Whether we are talking about axle ratios, compression, carburetor size, timing, or cubic inches, our hot-rod language sets us apart. And nothing else is discussed as emotionally as camshafts. Lift, duration, lobe center, overlap, and much more confer just how the camshaft will or will not alter an (often theoretical) engine’s performance personality. The first step in any process is understanding camshaft basics.
In scientific terms, it is all about the area under the curve. Just like that calculus class you wished you did not have to take (or avoided altogether), the camshaft in your engine is based on the same mathematical rules. To allow more airflow into your engine, a camshaft is designed with a profile (or curve) that provides a specific amount lift to the valve.
The better we understand how each of these terms affects an engine, the better armed we are to choose the best camshaft.
Camshaft Basics
The key parts of any camshaft are the lobes. As the camshaft spins, the lobes open and close the intake and exhaust valves in time with the motion of the piston. It turns out that there is a direct relationship between the shape of the cam lobes and the way the engine performs in different speed ranges.
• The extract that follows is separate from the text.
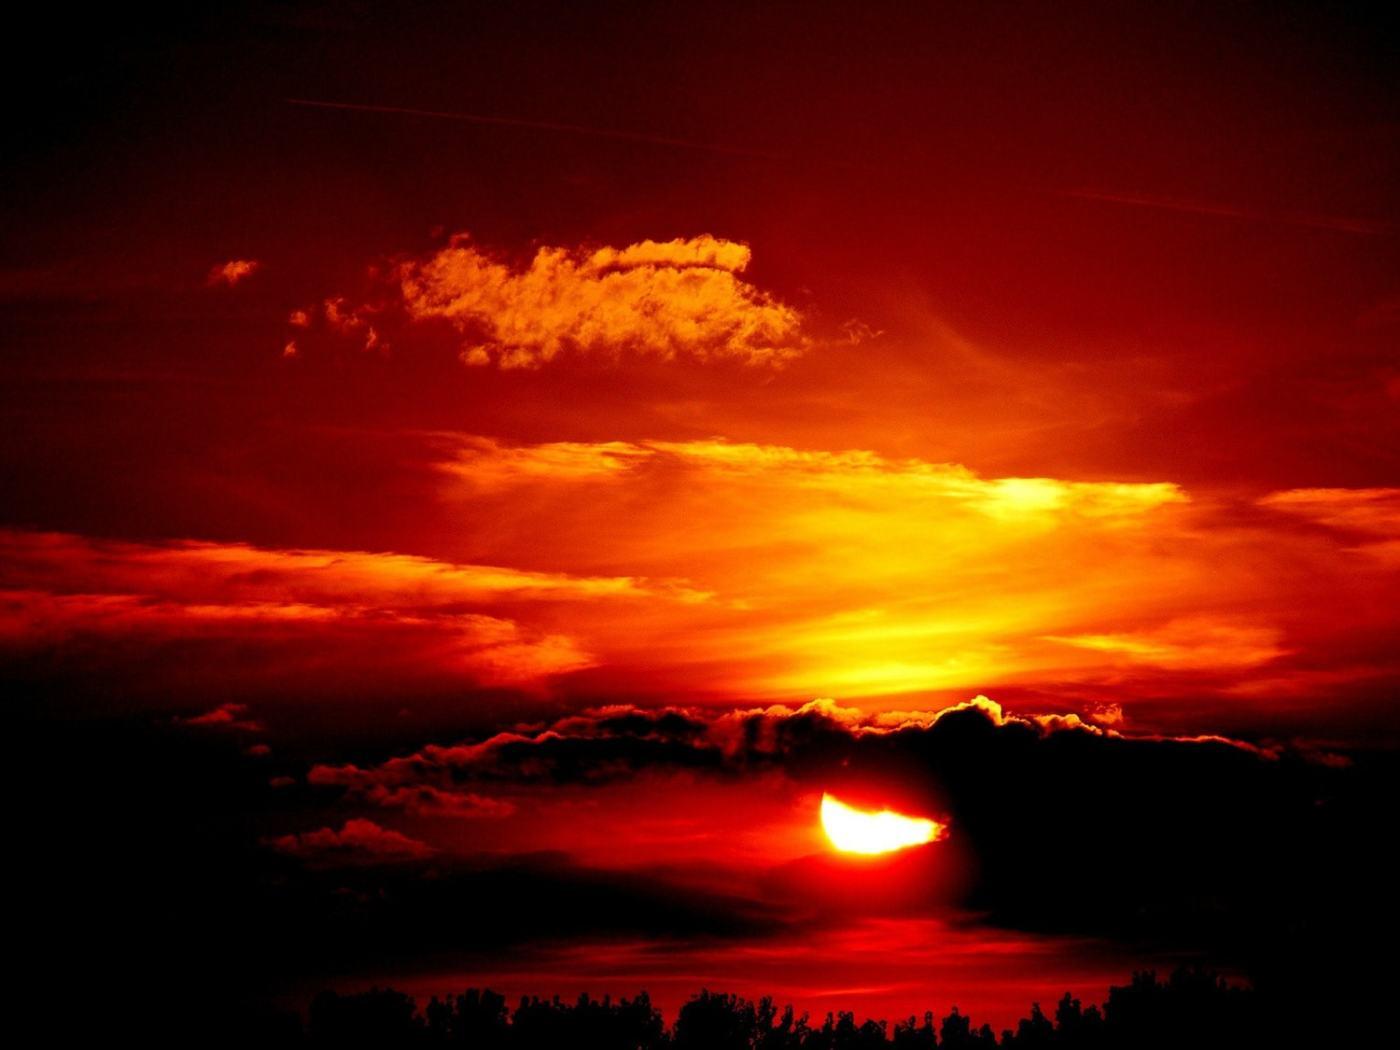 sunset-472981_1920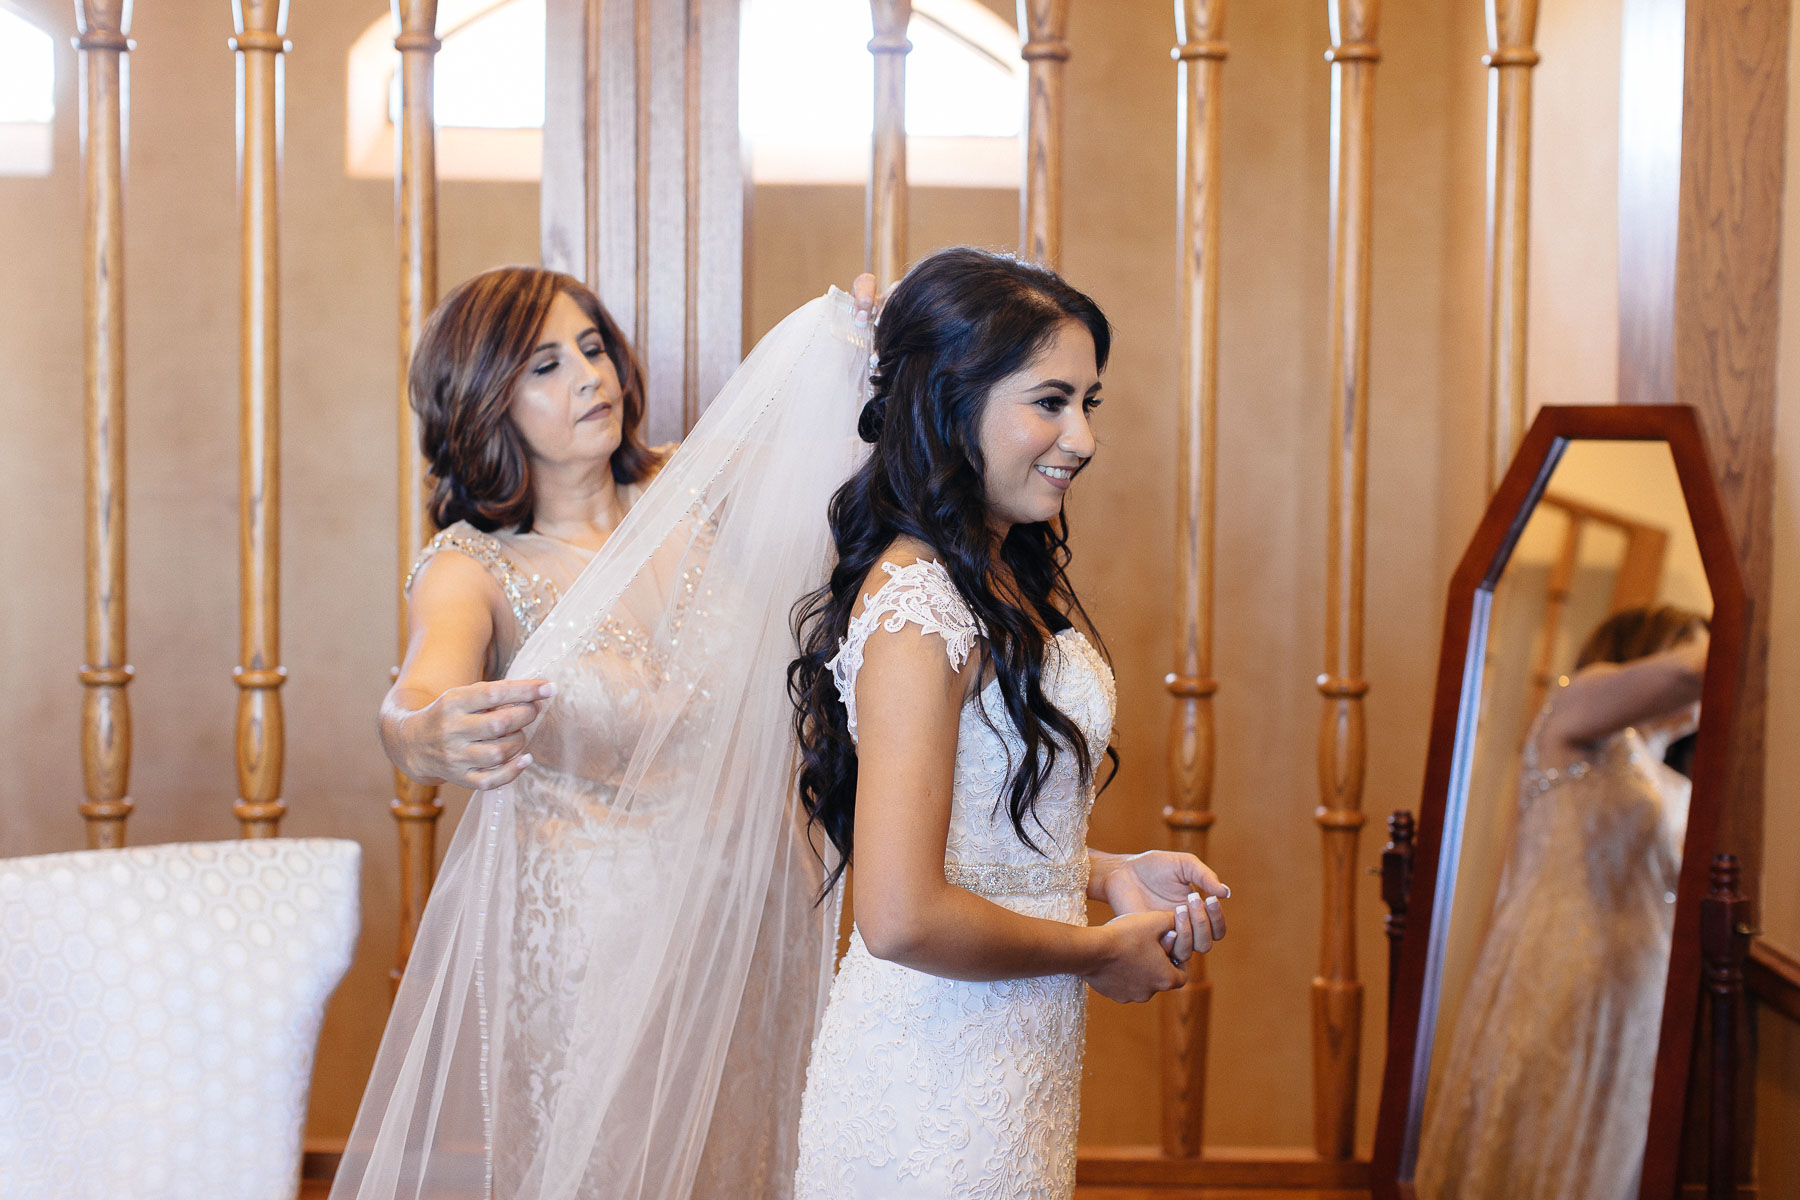 161029-Luxium-Weddings-Arizona-Jeff-Griselda-First-Look-Val-Vista-Lakes-Gilber-026.jpg

To understand why this is the case, imagine that we are running an engine extremely slowly — at just 10 or 20 revolutions per minute (RPM) — so that it takes the piston a couple of seconds to complete a cycle. It would be impossible to run a normal engine this slowly, but let’s imagine that we could. At this slow speed, we would want cam lobes shaped so that:
- Just as the piston starts moving downward in the intake stroke (called top dead center, or TDC), the intake valve would open. The intake valve would close right as the piston bottoms out.
- The exhaust valve would open right as the piston bottoms out (called bottom dead center, or BDC) at the end of the combustion stroke and would close as the piston completes the exhaust stroke.
This setup would work well for the engine if it ran at this very slow speed. But what happens if you increase the RPM? Let us find out.
When you increase the RPM, the 10 to 20 RPM configuration for the camshaft does not work well. If the engine is running at 4,000 RPM, the valves are opening and closing 2,000 times every minute, or 33 times every second. At these speeds, the piston is moving very quickly, so the air/fuel mixture rushing into the cylinder is moving very quickly as well.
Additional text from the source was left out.